Personal information
- Full name: Ben Warren
- Born: 11 February 1989 (age 37) Queensland
- Original team: Zillmere Eagles (QAFL)
- Draft: No. 69, 2006 National Draft, Kangaroos
- Height: 186 cm (6 ft 1 in)
- Weight: 89 kg (196 lb)
- Position: forward

Club information
- Current club: Werribee Tigers (VFL)

Playing career^{1}
- Years: Club / Games (Goals)
- 2009–2012: North Melbourne / 29 (34)
- Werribee Tigers (VFL) / 50 (118)
- ^{1} Playing statistics correct to the end of Round 10 2012.

= Ben Warren (Australian rules footballer) =

Australian rules footballer (born 1989)

Ben Warren (born 11 February 1989) is an Australian rules footballer who played for the North Melbourne Football Club in the Australian Football League (AFL).

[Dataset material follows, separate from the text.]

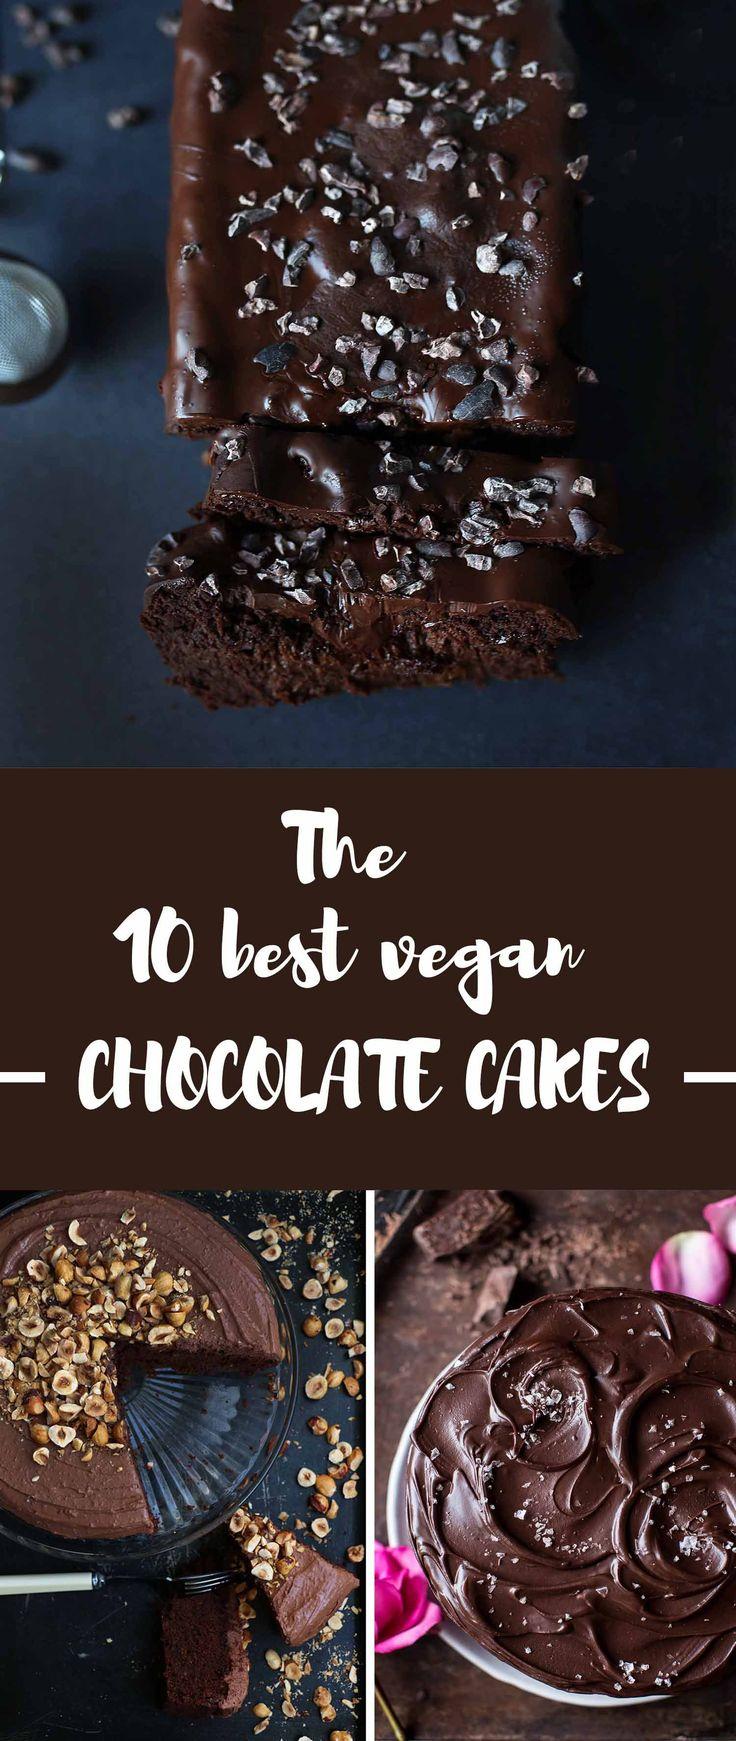 The 10 best vegan chocolate cakes

Recruited from the Zillmere Eagles in Queensland at pick 69 in the 2006 AFL draft by North Melbourne. Warren spent two years in development, playing in the VFL, for Tasmania in 2007 and Werribee in 2008, before making his senior AFL debut for North Melbourne in Round 4, 2009. Warren impressed coaching staff of the club with his performances, especially his four-goal haul against Brisbane at Etihad Stadium in Round 10. Warren played five consecutive games after his debut, but broke his leg in Round 13 and missed the rest of the season. Despite his broken leg, Warren was re-signed by North Melbourne in August 2009, with list manager, Cameron Joyce, stating that "It was a priority for us to lock Ben in", due to interest being shown in the Queensland native from the new Gold Coast team.

The 2010 season became Warren's best, having his best pre-season, and playing 16 matches, kicking 21 goals. He only played three games in 2011, and only a single game from the first ten in 2012, despite being the leading goalkicker for North Melbourne's reserves team, the Werribee Football Club in the Victorian Football League.

Warren was delisted by North Melbourne at the end of the 2012 season. He continued playing with Werribee after being delisted, and he was the leading goalkicker in the completed 2013 VFL season including finals with 59 goals (he finished third in the league's goalkicking award, the Frosty Miller Medal which is based on home-and-away goals only).